Activity 和 Fragment 通过注册系统的监听在 onDestroy 的时候把自己的引用放入 ObjectWatcher 进行监测，监测主要是通过 HeapDumpTrigger 类轮询进行，主要是调用 AndroidHeapDumper 来 dump 出文件来，然后依赖于 HeapAnalyzerService 来进行分析。

dump 对象及分析

dump 对象：

hprof 是 JDK 提供的一种 JVM TI Agent native 工具。JVM TI，全拼是 JVM Tool interface，是 JVM 提供的一套标准的 C/C++ 编程接口，是实现 Debugger、Profiler、Monitor、Thread Analyser 等工具的统一基础，在主流 Java 虚拟机中都有实现。hprof 工具事实上也是实现了这套接口，可以认为是一套简单的 profiler agent 工具。

LeakCanary 也是使用的 hprof 文件进行对象存储。hprof 文件比较简单，整体按照前置信息 + 记录表的格式来组织的。但是记录的种类相当之多。具体种类可以查看 HPROF Agent。

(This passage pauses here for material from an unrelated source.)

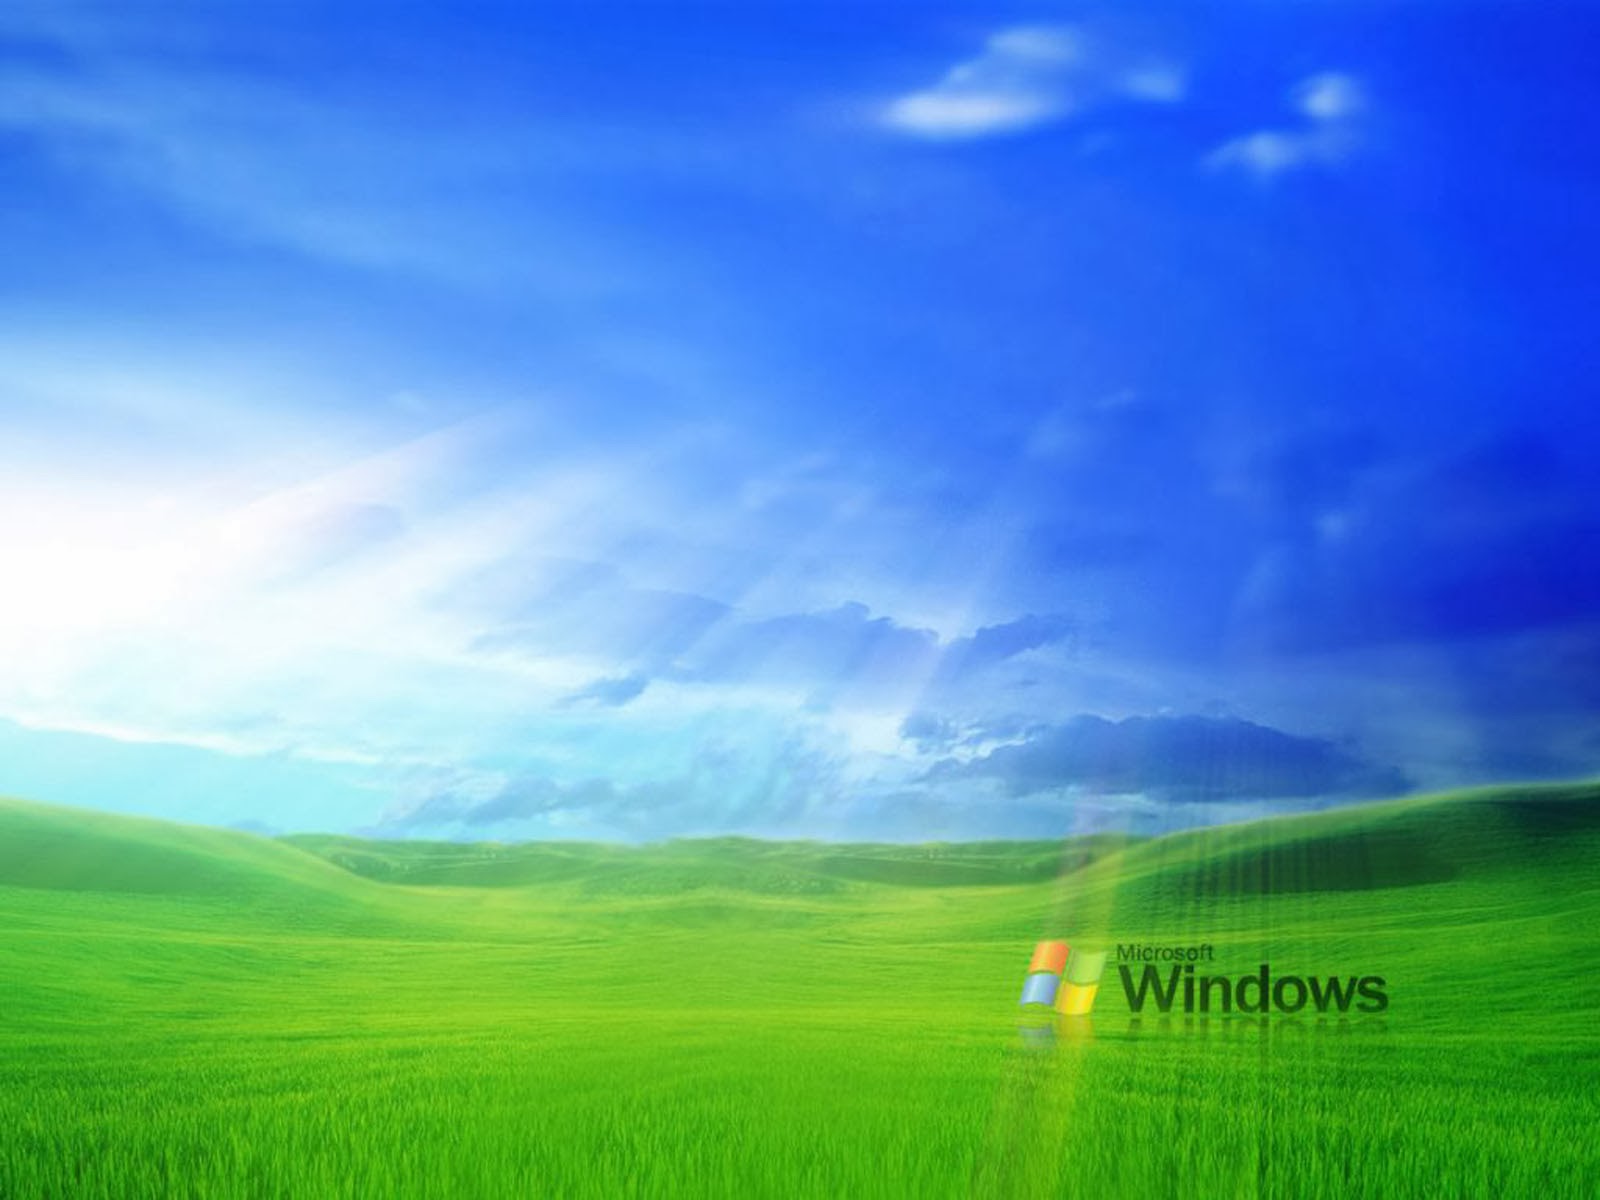 Khám phá hình nền Windows lá cỏ đẹp mắt, mang lại cảm giác bình yên cho bàn làm việc của bạn. Tận hưởng sự thanh bình và tươi mát mỗi khi mở khóa màn hình với hình nền độc đáo này.

同时，android 中也提供了一个简便的方法 Debug.dumpHprofData(filePath) (需要权限)可以把对象 dump 到指定路径下的hprof 文件中。LeakCanary 使用 Shark 库来解析 Hprof 文件中的各种 record，比较高效，使用 Shark 中的HprofReader 和 HprofWriter 来进行读写解析，获取需要的信息。

dump 具体的代码在 AndroidHeapDumper 类中。

override fun dumpHeap(): File? {
    val heapDumpFile = leakDirectoryProvider.newHeapDumpFile() ?: return null

    val waitingForToast = FutureResult<Toast?>()
    showToast(waitingForToast)

    if (!waitingForToast.wait(5, SECONDS)) {
      SharkLog.d { "Did not dump heap, too much time waiting for Toast." }
      return null
    }

    val notificationManager =
      context.getSystemService(Context.NOTIFICATION_SERVICE) as NotificationManager
    if (Notifications.canShowNotification) {
      val dumpingHeap = context.getString(R.string.leak_canary_notification_dumping)
      val builder = Notification.Builder(context)
          .setContentTitle(dumpingHeap)
      val notification = Notifications.buildNotification(context, builder, LEAKCANARY_LOW)
      notificationManager.notify(R.id.leak_canary_notification_dumping_heap, notification)
    }

    val toast = waitingForToast.get()

    return try {
      Debug.dumpHprofData(heapDumpFile.absolutePath)
      if (heapDumpFile.length() == 0L) {
        SharkLog.d { "Dumped heap file is 0 byte length" }
        null
      } else {
        heapDumpFile
      }
    } catch (e: Exception) {
      SharkLog.d(e) { "Could not dump heap" }
      // Abort heap dump
      null
    } finally {
      cancelToast(toast)
      notificationManager.cancel(R.id.leak_canary_notification_dumping_heap)
    }
  }

对象分析：

HeapDumpTrigger 主要是依赖于 HeapAnalyzerService 进行分析。HeapAnalyzerService 其实是一个ForegroundService。在接收到分析的 Intent 后就会调用 HeapAnalyzer 的 analyze 方法。所以最终进行分析的地方就是 HeapAnalyzer 的 analyze 方法。

fun analyze(
  heapDumpFile: File,
  leakingObjectFinder: LeakingObjectFinder,
  referenceMatchers: List<ReferenceMatcher> = emptyList(),
  computeRetainedHeapSize: Boolean = false,
  objectInspectors: List<ObjectInspector> = emptyList(),
  metadataExtractor: MetadataExtractor = MetadataExtractor.NO_OP,
  proguardMapping: ProguardMapping? = null
): HeapAnalysis {
  val analysisStartNanoTime = System.nanoTime()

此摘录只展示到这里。